URL: http://arxiv.org/abs/2509.23663v1
Date: Sun, 28 Sep 2025 05:53:39 GMT
Title: HIVTP: A Training-Free Method to Improve VLMs Efficiency via Hierarchical Visual Token Pruning Using Middle-Layer-Based Importance Score
Authors: Jingqi Xu, Jingxi Lu, Chenghao Li, Sreetama Sarkar, Peter A. Beerel,
Abstract summary: HIVTP is a training-free method to improve Vision-Language Models (VLMs) inference efficiency.<n>We propose a hierarchical visual token pruning method to retain both globally and locally important visual tokens.<n> Experimental results show that our proposed method, HIVTP, can reduce the time-to-first-token (TTFT) of LLaVA-v1.5-7B and LLaVA-Next-7B by up to 50.0% and 55.1%, respectively.
Score: 14.857585045577165
License: http://arxiv.org/licenses/nonexclusive-distrib/1.0/
Abstract: Vision-Language Models (VLMs) have shown strong capabilities on diverse multimodal tasks. However, the large number of visual tokens output by the vision encoder severely hinders inference efficiency, and prior studies have shown that many of these tokens are not important and can therefore be safely pruned. In this work, we propose HIVTP, a training-free method to improve VLMs efficiency via hierarchical visual token pruning using a novel middle-layer-based importance score. Specifically, we utilize attention maps extracted from the middle layers of the vision encoder, which better reflect fine-grained and object-level attention, to estimate visual token importance. Based on this, we propose a hierarchical visual token pruning method to retain both globally and locally important visual tokens. Specifically, we reshape the 1-D visual token sequence output by the vision encoder into a 2-D spatial layout. In the global retaining stage, we divide the image into regions and retain tokens with higher importance scores in each region; in the local retaining stage, we then divide the image into small windows and retain the most important token in each local window.
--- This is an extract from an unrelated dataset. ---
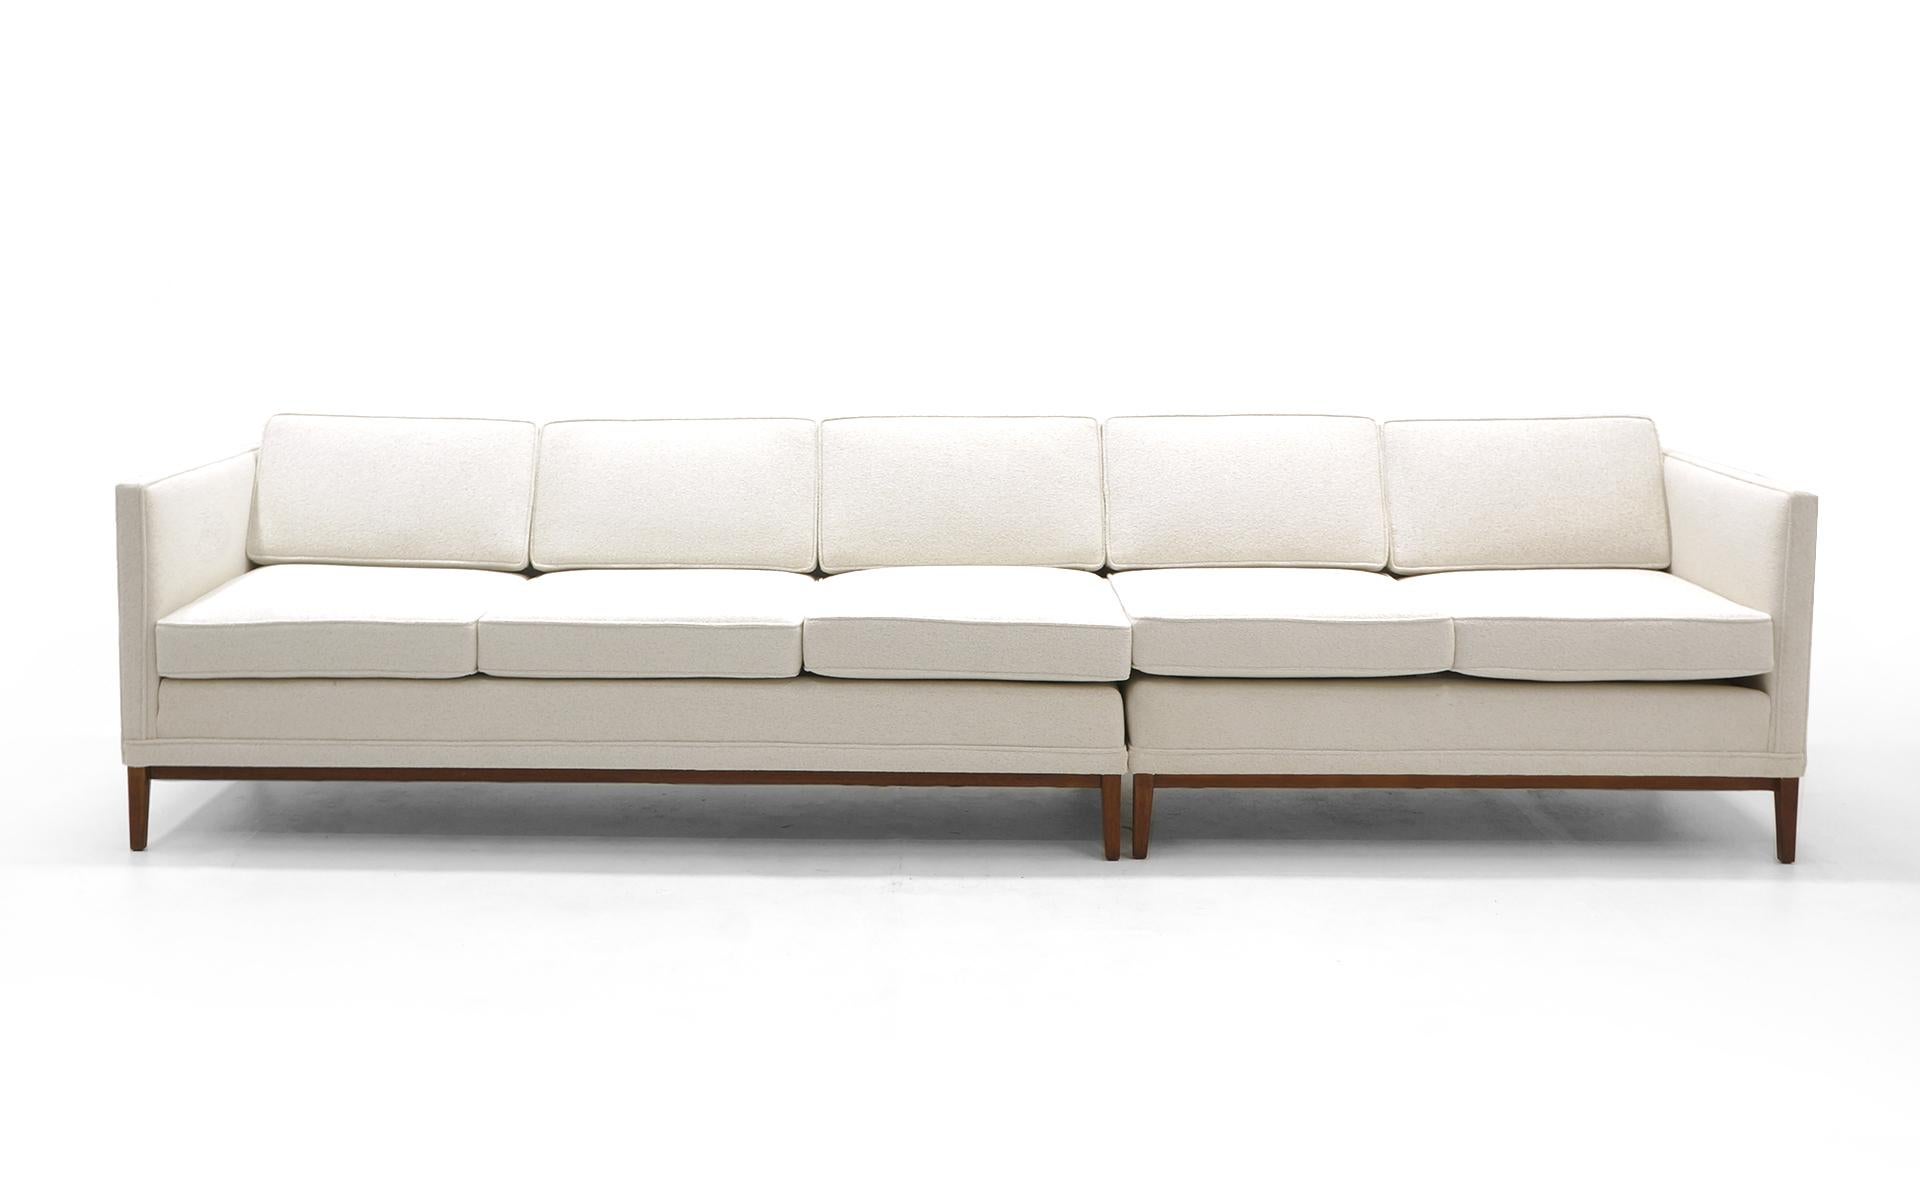 Sectional sofa in the style of Edward Wormley for Dunbar. Even arm, elegant design. Expertly restored and reupholstered in an off white HBF Textiles Merci bouclé. As you see in the photos, these can be used as an L shape or together they make a sofa

Experimental results show that our proposed method, HIVTP, can reduce the time-to-first-token (TTFT) of LLaVA-v1.5-7B and LLaVA-Next-7B by up to 50.0% and 55.1%, respectively, and improve the token generation throughput by up to 60.9% and 47.3%, without sacrificing accuracy, and even achieving improvements on certain benchmarks. Compared with prior works, HIVTP achieves better accuracy while offering higher inference efficiency.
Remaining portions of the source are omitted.